In September 2020, The Washington Post reported that Trump's properties raked in $1.1 million in tax dollars from the Secret Service since he entered the White House.

Donald Trump’s endorsements are the latest example of his misogyny
Eric Garcia
Fri, October 8, 2021

Trump Rally (Copyright 2020 The Associated Press. All rights reserved)

Donald Trump may no longer be president, but for much of the GOP, especially those who wrongly believe the 2020 election was stolen from him, his endorsement essentially clears a GOP field. But his vanity means that he often endorses whoever heaps praise upon him in the most pathetic or obsequious ways, without considering whether the candidate is actually electable.

That impulse can cause headaches for Republicans and those close to him. The Associated Press reported that Trump has failed to properly vet Republican candidates with sordid histories with women that often include allegations of abuse. This includes former football player Herschel Walker, who Trump urged to run for Senate for months and froze out other likely more electable Georgia Republicans, and the AP revealed allegations that he threatened to kill his wife.

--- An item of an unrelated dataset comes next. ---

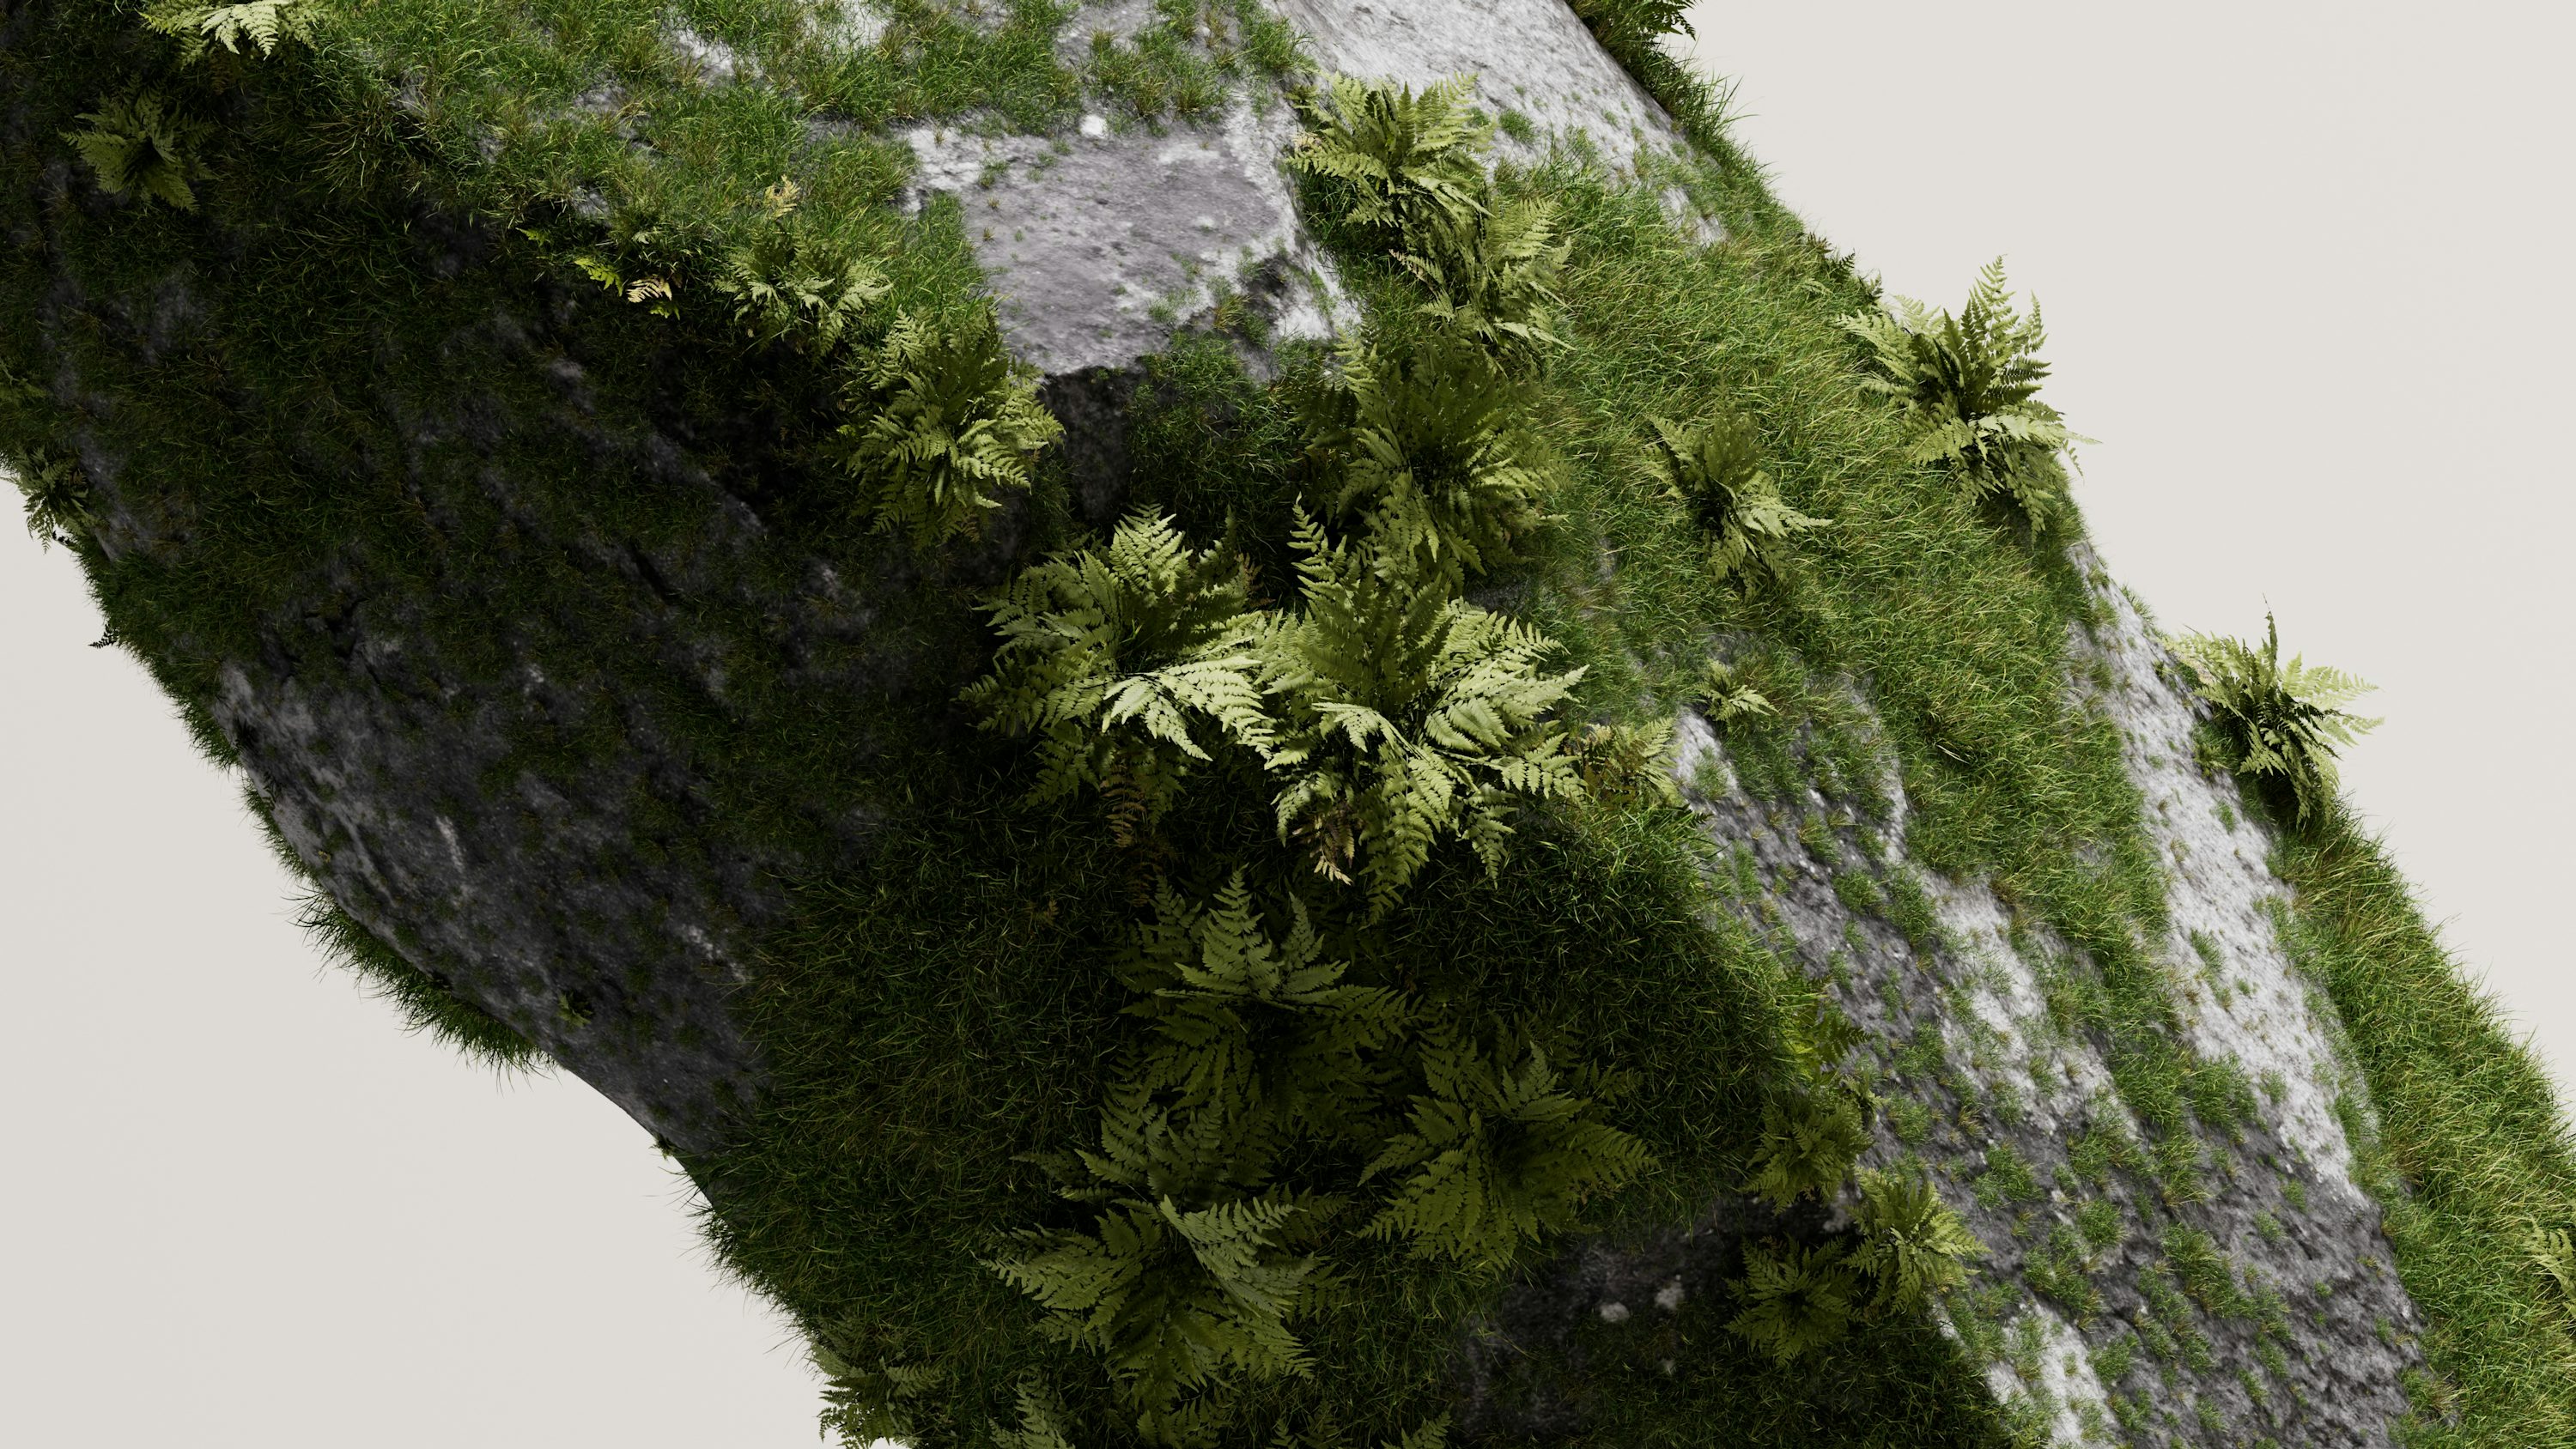 eine grüne Pflanze, die aus der Seite eines Felsens wächst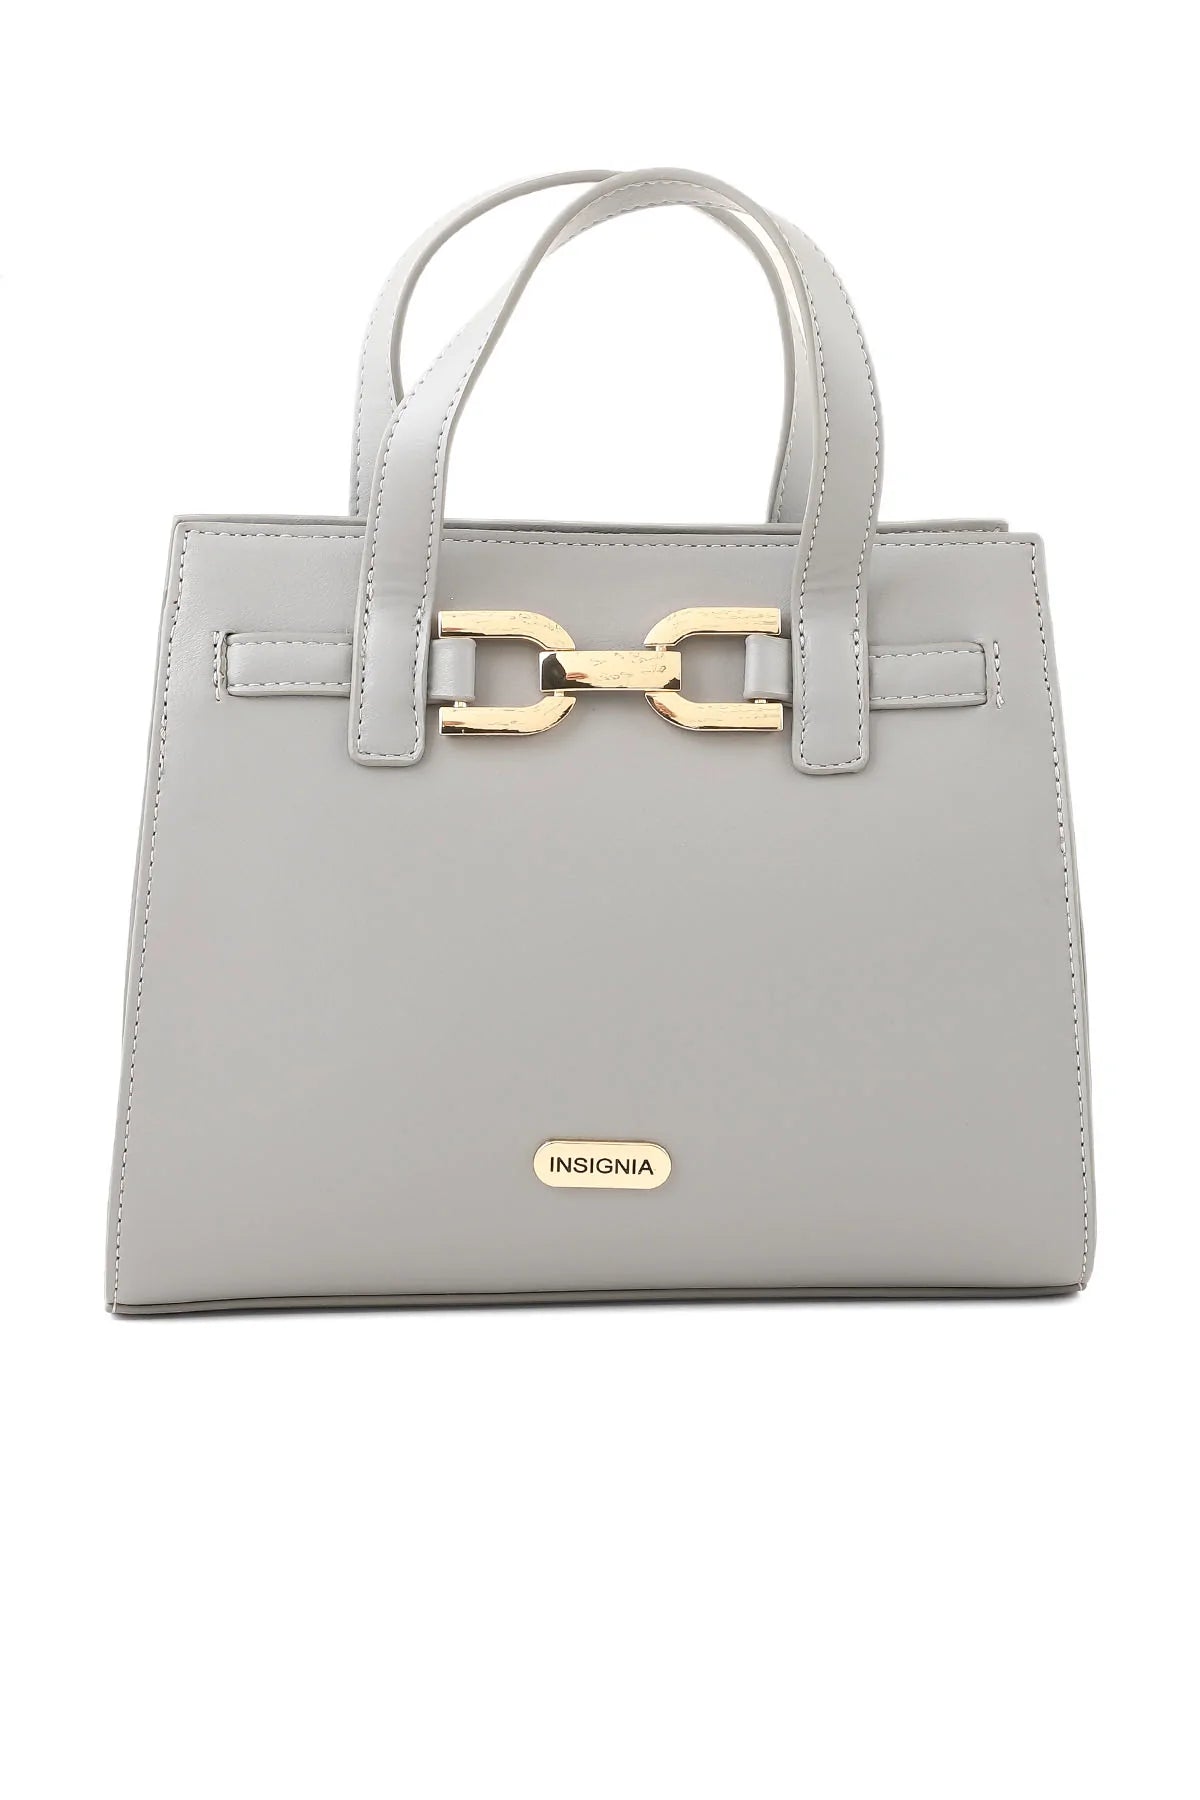 Formal Tote Hand Bags B15016-Grey

Similarly, as his former press secretary, Stephanie Grisham has conducted her book tour, she has alleged that Max Miller, who worked in the administration with him, abused her even after she confided in Trump about it. Miller denies the claims and has filed a libel lawsuit against Grisham.

The slew of candidates with allegations of being abusive or generally terrible towards women prompted one Trump donor to tell the AP: “There is no vetting process – at least not on policy and electability.” But another theory might be that Trump hasn’t refrained from endorsing them because as a man who has consistently shown disdain for women who challenge him, misogyny is not a disqualifying factor.


During the first Republican primary debate, one of the first questions Megyn Kelly asked him was about his history of misogynistic comments, including “fat pigs, dogs, slobs and disgusting animals”. But rather than backing down from it, Trump retaliated by calling her a “bimbo” and said Kelly “had blood coming out of her eyes. Or blood coming out of her wherever.” Such crude comments would have in the past disqualified Republican politicians (indeed, Todd Akin, the former Republican Missouri Senate candidate who talked about “legitimate rape” and sunk his campaign was a political cautionary tale; he died this week ). But Trump faced no consequences; he still spouts nonsense on Fox News, while Kelly is no longer on the network.

Trump’s history of misogyny doesn’t need explaining, but he found that he would face no consequences for his poor treatment of women. He said Barack Obama “schlonged” Hillary Clinton, whom he called a “nasty woman”, and bragged about sexually assaulting women, infamously declaring on a leaked Access Hollywood tape, “when you’re a star, they let you do it”. After perfunctory Republican outrage, the party rallied around Trump and he won the presidency.

Similarly, he’s defended both friend and foe when they faced sexual assault allegations. When Christine Blasey Ford accused Brett Kavanaugh of sexually assaulting her when they were younger, he not only supported Kavanaugh steadfastly (which helped the judge get confirmed), he mocked her at a rally with glee. If anything, Kavanaugh facing allegations likely made Trump more sympathetic to him because it reminded him of how multiple women have accused Trump of sexual misconduct of varying degrees.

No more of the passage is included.